David Charlet, ANACOFI Président
Education financière des investisseurs et formation des professionnels du conseil et de l’intermédiation :
la Retail Investment Strategy est elle une révolution et vers quoi nous emmène-t-elle ?
La réforme européenne de l’enseignement aura bientôt 35 ans et depuis bientôt 10 ans des textes imposent des conditions précises de formation annuelle à certains professionnels de nos métiers. Le débat s’est parfois concentré sur la question du contenu, d’autres fois sur le volume et bien entendu, les questions de la preuve du suivi ou de l’acquisition des compétences ont très vite occupé les esprits.
Certification ou diplôme et quelles mentions doivent apparaitre sur une attestation de suivi, sont autant d’interrogation auxquelles, dans chaque Etat Membre, il a fallu répondre. Si les modalités de suivi ont assez rapidement fait l’objet d’une analyse assez commune, les volumes et programmes ont été plus difficiles à harmoniser.
Dans le même temps, avec la complexification des offres et règles de droit, les arnaques ou la diffusion de masse de l’information, une autre nécessité est apparue : le besoin d’améliorer le niveau de compréhension des consommateurs et épargnants. Pour eux comme pour les professionnels le contenu, le format et la preuve de compétences acquises sont vite devenus des thèmes de débat voire, de réglementation ou même de plans nationaux.
C’est dans ce contexte que la « Retail Investment Strategy » (R.I.S.) vient pour la première fois adresser à la fois la formation des professionnels et l’éducation financière des populations.
Si en ce qui concerne les consommateurs et épargnants, on peut regretter le manque d’ambition de la RIS, qui se contente de décréter que les Etats doivent faire leurs meilleurs efforts, du côté des professionnels, elle tranche et devient d’autant plus directive que ce n’est qu’un texte de niveau 1, qui sera complété par d’autres, probablement plus précis.
Il n’est pas neutre que ce texte omnibus amène à ce que IDD comme MIFid imposent chacune 15h de formation annuelle aux professionnels agréés et une certification en matière d’ESG. Cela l’est d‘autant moins que suivra très probablement une révision des Directives sur le Crédit, qui s’intéressent également aux contraintes des professionnels agissant dans ces domaines.
Alors que l’Union Européenne affirmait il y a 35 ans la suprématie des diplômes, la voilà qui met en avant la certification.
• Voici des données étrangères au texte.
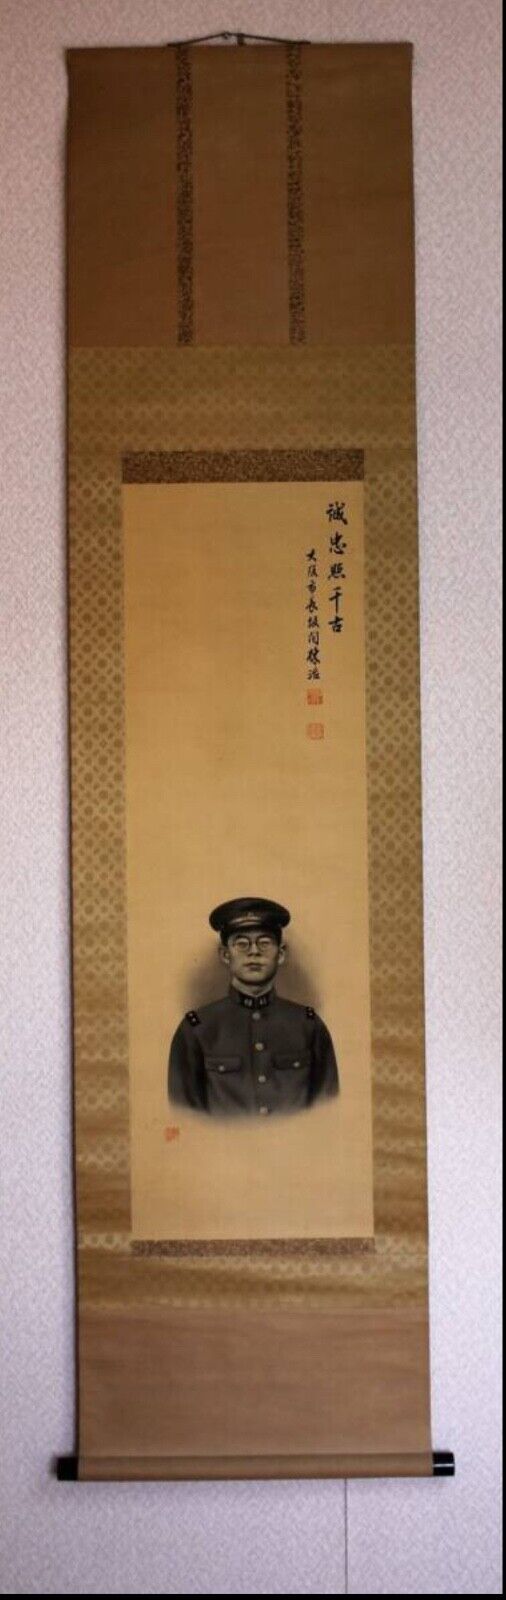 Antique Imperial Japanese Army Soldier\'s Commemorative Scroll, Early 1900s

Alors qu’elle demandait aux Etats membres de démontrer que leur système de formation annuelle de leurs acteurs était adéquat, elle fixe un cadre fondé sur le volume et renvoie clairement aux régulateurs et non plus aux autorités dédiées à l’enseignement et à la formation en général, la charge de la définition dans le temps des contenus et modalités. Même si dans de nombreux Etats il était déjà un fait que les régulateurs avaient pris la main, c’est aujourd’hui un élément qui sera gravé dans le droit dur au niveau le plus élevé.
Dès lors, l’association des professionnels aux décisions des régulateurs devient une impérieuse nécessité. A défaut, non seulement le fonctionnement normal d’un Etat, qui tient compte de sa société civile ne sera plus la règle en matière de formation et d’enseignement qui sera mécaniquement impacté, mais les décisions pourraient ne plus être dictées par le besoin et bien plus par la contrainte de sécurité. Le politique qui veut de l’adéquation mais aussi de l’investissement et de l’innovation, devrait se plier à ce qui est parfaitement normal venant d’un policier ou régulateur : éviter l’accident et traquer les comportements dangereux tels que définis dans les éléments de conformité, qu’au demeurant il concourt maintenant à rédiger.
Nous constatons bien un basculement du pouvoir vers le gendarme qui est aussi très souvent juge. L’importance de la pleine, entière et assurée place dans ses instances, des publics qu’il encadre n’est donc plus à voir comme un chose à éviter car empreinte de conflits d’intérêts. Elle devient une absolue nécessité, permettant de garantir un minimum de prise en compte des avis de ceux à qui ils vont imposer formations et certifications. En France, le système dit de « co-régulation » s’il est correctement appliqué, dans le respect du principe et du sens de la loi, peut probablement être adapté sans révolution du droit. Mais qu’en est-il ailleurs ?
Quoi qu’il en soit, ceux de nos professionnels qui se plaignaient du volume annuel de leurs obligations de formation doivent maintenant comprendre que le débat est clos. Ils devront suivre plus de formation, elles seront formatées, souvent certifiante donc avec des tests sous contraintes et plus ils cumuleront d‘agréments, plus les heures obligatoires s’additionneront.
Tant que les populations de l’Union n’auront pas atteint un niveau de compétence financière suffisant, c’est à ce prix que nous pourrons travailler. Ceci est perçu par nos autorités et par nombre d’entre nous comme une garantie pour le consommateur, épargnant ou investisseur qui est notre client.